The story I got is that during a power outage she let the battery die and ever since then it hasn't worked. She refused to take it to the apple store and the warranty ran out. She was at a verizon store and the guy told her he knew somebody that could fix it. They looked at it and felt the "screen" was broke. But she never acted upon it. He pointed out to her a spot he felt was were it was broken. She also mentioned that she thought the charger was bad. 
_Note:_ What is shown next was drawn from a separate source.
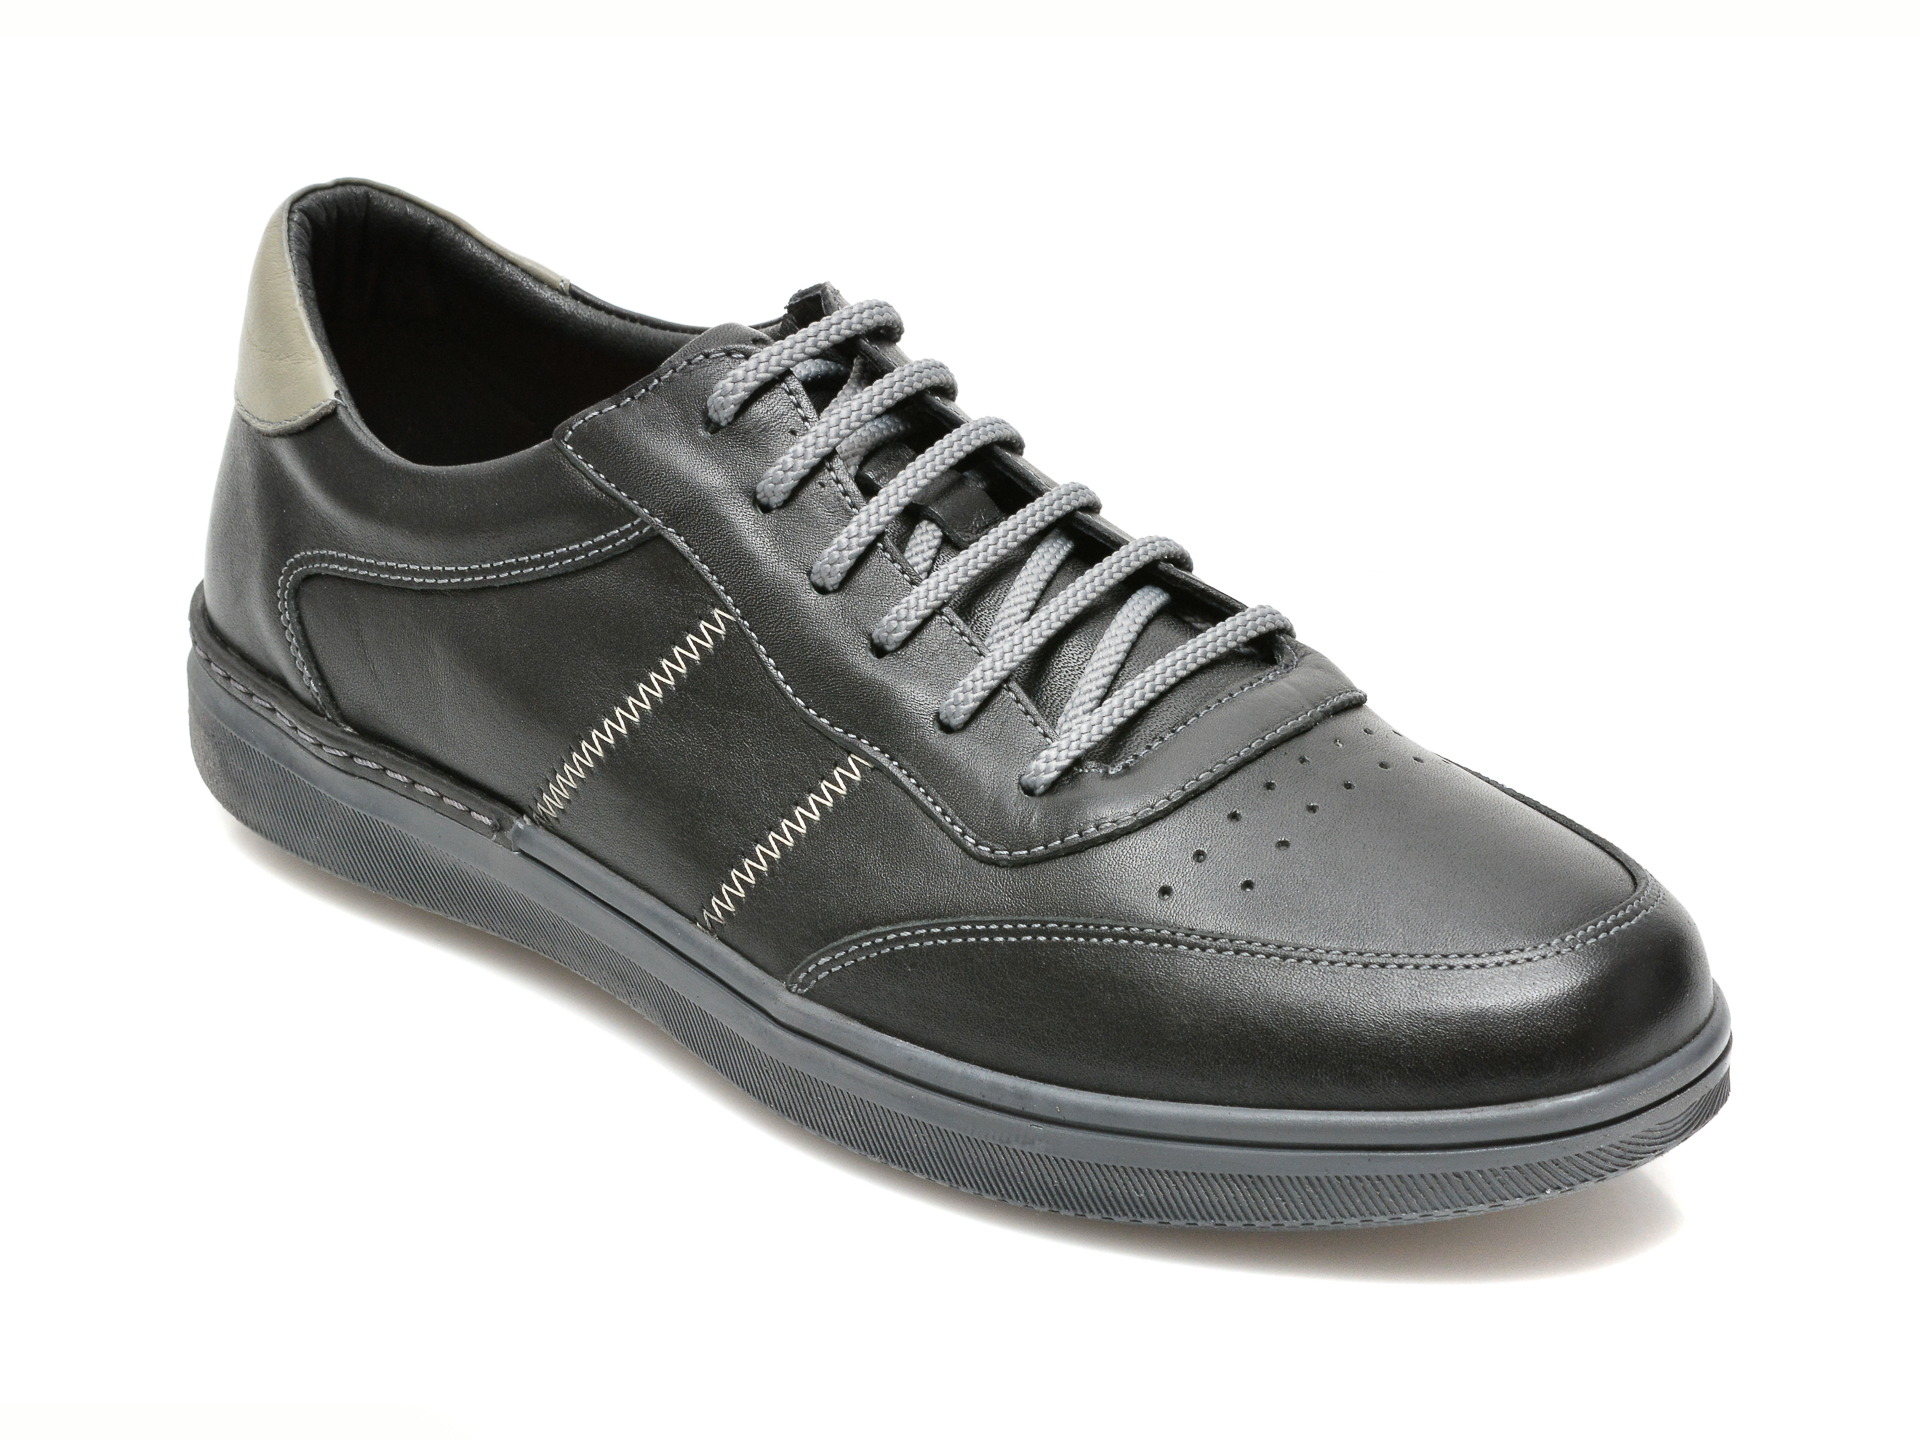 Pantofi OTTER negri, 3421, din piele naturala 2023 ❤️ Pret Super Black Friday otter.ro imagine noua 2022

So I get it and can't see any crack in the screen. I do observe a ding on it which to me says she dropped it. So I plugged it in to a good charger over night and the next morning it was still unresponsive. So I press and hold the home button and the top button and still nothing. The next thing I did was plug it into my pc with the usb cable hoping it will recognize it and still nothing. I then attempt... to remove the touch screen and break it. The display has no visible damage. I took the whole thing apart down to the battery and saw no visible problems. Also tested the battery and it was at 3.5 volts. There is a good chance that fixing this is beyond me but I would like to. I am not sure what my next step would be. How do I go about troubleshooting this?


----------



## joeten (Dec 4, 2008)

Hi you have an IPad 2 2011 so it's around 4 years old, it may not be worth spending money on but it's your choice. There are some things here which might help you troubleshoot iPad Troubleshooting & Repair Q&A (iPad Troubleshooting & Repair FAQ) @ EveryiPad.com


----------



## raidencmc (Feb 13, 2007)

Thanks for the reply. I know its not worth it based on age, but I look at it and keep saying you can do it. I think it is more of the challenge of fixing it that has me interested. I checked that site and as what I have seen searching the web, there is a lot of info on easy fixes, and more difficult replacement parts. But not a lot on how to determine what is defective.


----------



## joeten (Dec 4, 2008)

Hey, listen if you want to go for it, I won't discourage you, I gave you the link as it was at least a starting point and it showed you may have a route. It is not anything other than a starting point. Your options are limited and the age of what you're working with does not make things easy.


----------